# Should I confront my friends?!?



## calvinc (Mar 10, 2010)

I have been taking road trips with this group of friends every summer (about 6 of them) for a few years. This year I was excluded and never invited. In fact I didn't even know that they were on a trip until they updated their facebook statuses. 

Considering all the planning and coordination involved, I am pretty sure they didn't just simply forget to invite me. 

My questions are:

1) Should I confront them or play dumb?
2) Should I even hang out with this group of friends anymore? I would think that by excluding someone deliberately is an obvious hint that they don't want that person in the group anymore. Would I appear clueless and stupid if I hang out with them again?

Thanks for all your wisdom and advice


----------



## carbonlist (Nov 8, 2009)

Like you said, they obviously didn't want you to go. Now the good and the bad. The main question is "why?". Maybe they're doing something that you wouldn't like, ie skydiving, 420 at night...etc. That's highly unlikely. What's more likely, is they never regarded you as a 'close' friend. You were one of those secondary friends that they casually invited to casual things...like to the bar...movies...play sports..etc.

Either way, confront them. See what they say. It might not turn out as bad as you thought it would. You could even tell them that you regarded them as closer friends. The worst that can happen is that you'll need to make some new friends and your old friends just weren't worth it.

Like what I say everyday: Being embarassed is a sign that you're human.


----------



## calvinc (Mar 10, 2010)

I think you are right about the secondary friends. I used to be relatively close to one of the people in the group. The rest are his friends. But my friend and I have drifted apart a bit over the last few years.


----------



## Ciddian (Mar 15, 2006)

1+++ i would do the same


----------



## Holidays (Apr 18, 2010)

whats with confronting friend? just ask them how trip went, was it as good as previous year...because this year you weren't there, maybe they'll tell you so you'll have some idea...maybe its a couple thing, dont be all upset.


----------



## Holidays (Apr 18, 2010)

^ maybe they feel you didn't chip in equally...we don't know...don't go all guns blazing just yet...


----------



## calvinc (Mar 10, 2010)

Ok I asked one of the girls in the group.

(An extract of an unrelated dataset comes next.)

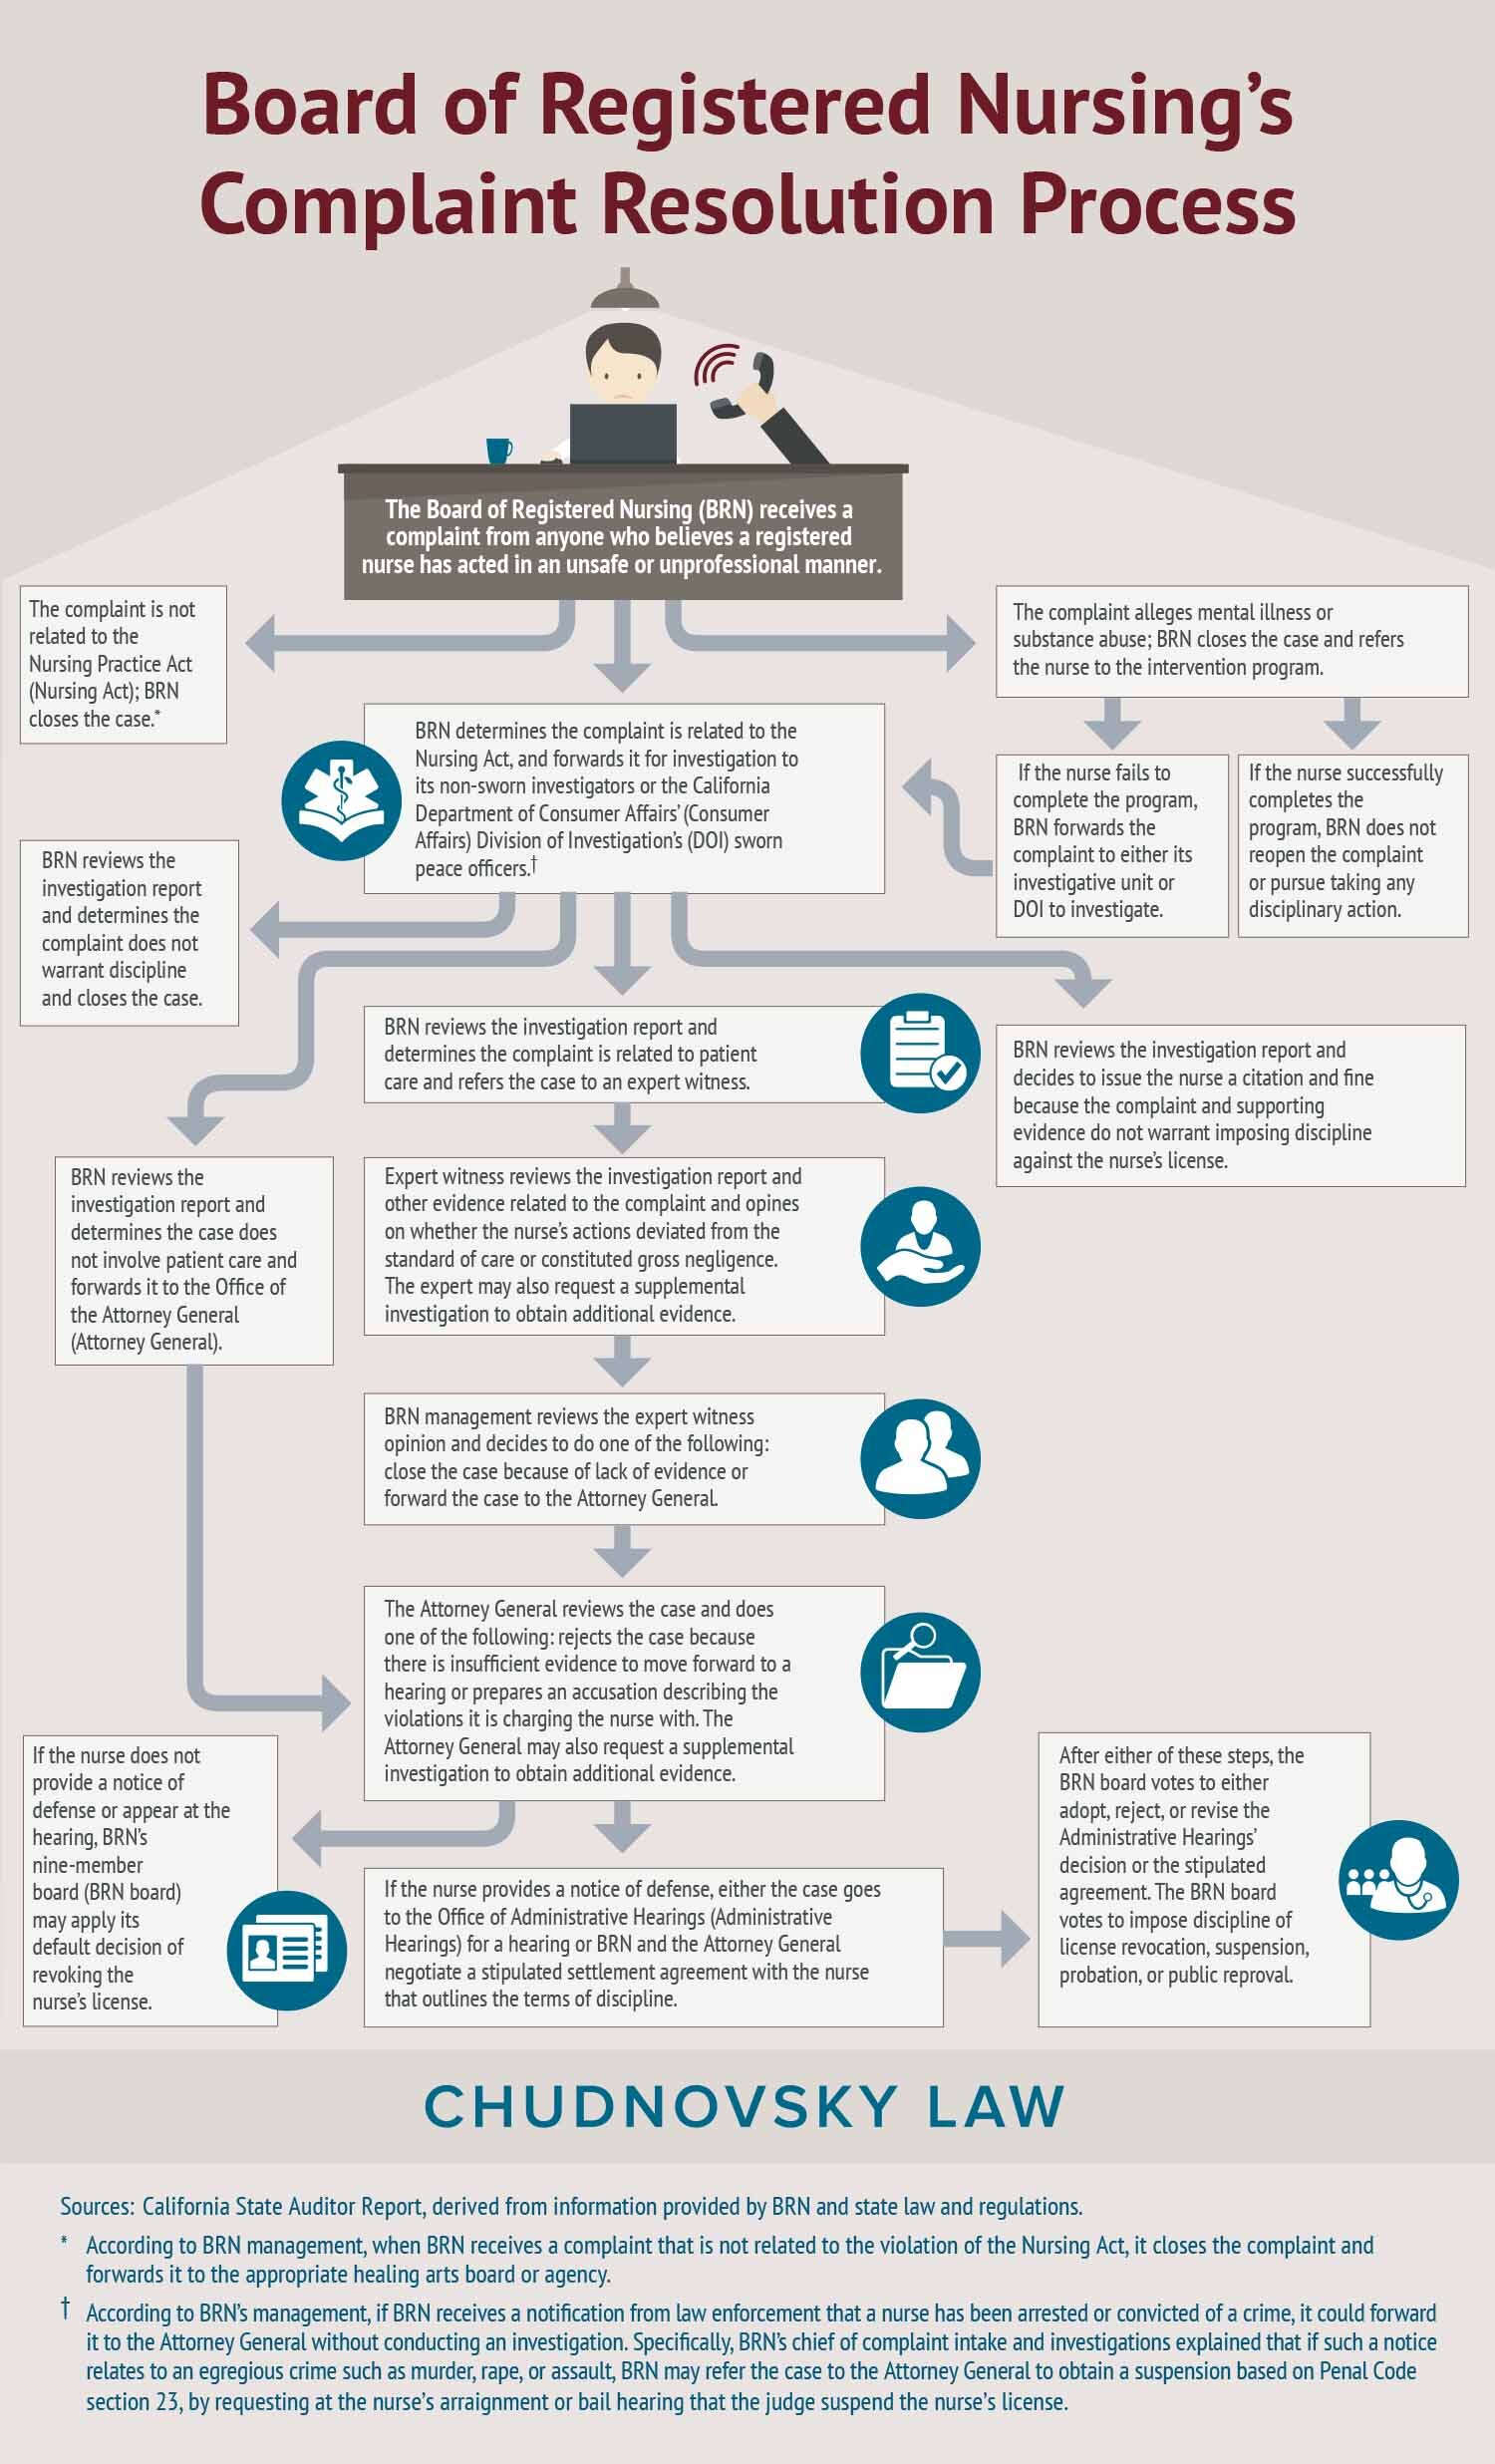 California Board of Nursing infographic explaining the Board of Registered Nursing disciplinary complaint resolution process and procedures. Source: California Board of Registered Nursing and the California State Auditor Report.

My friend said it was thrown together quickly.But with hotel booking and coordinating each other's schedule, it definitely didn't happen spontaneously. In the past, they would plan the trips weeks ahead.

Then she said they only had one car. The one car explanation doesn't really make sense because they know I have a car as well. 

So what now? Accept and believe it. Or accept and move on? 

Thanks guys.


----------



## arc (Mar 11, 2010)

Accept and move on.

Friends drift apart and like you said you were only are close to one of them.


----------



## Holidays (Apr 18, 2010)

take it eeeeasy maaaaan, just have a good time with friends...don't be too dramatic.


----------



## arktixan (Mar 30, 2010)

I say move on, Friends come an go, especially these days. it's very easy to meet new and exciting people. If they truly are your friends, they would have taken you, spontaneous or not 1 car or not, etc etc, close knit friends, always stay together. If they call you and invite you out, never hurts to accept. But do not get yourself worked up

Sorry if this sounds harsh.


----------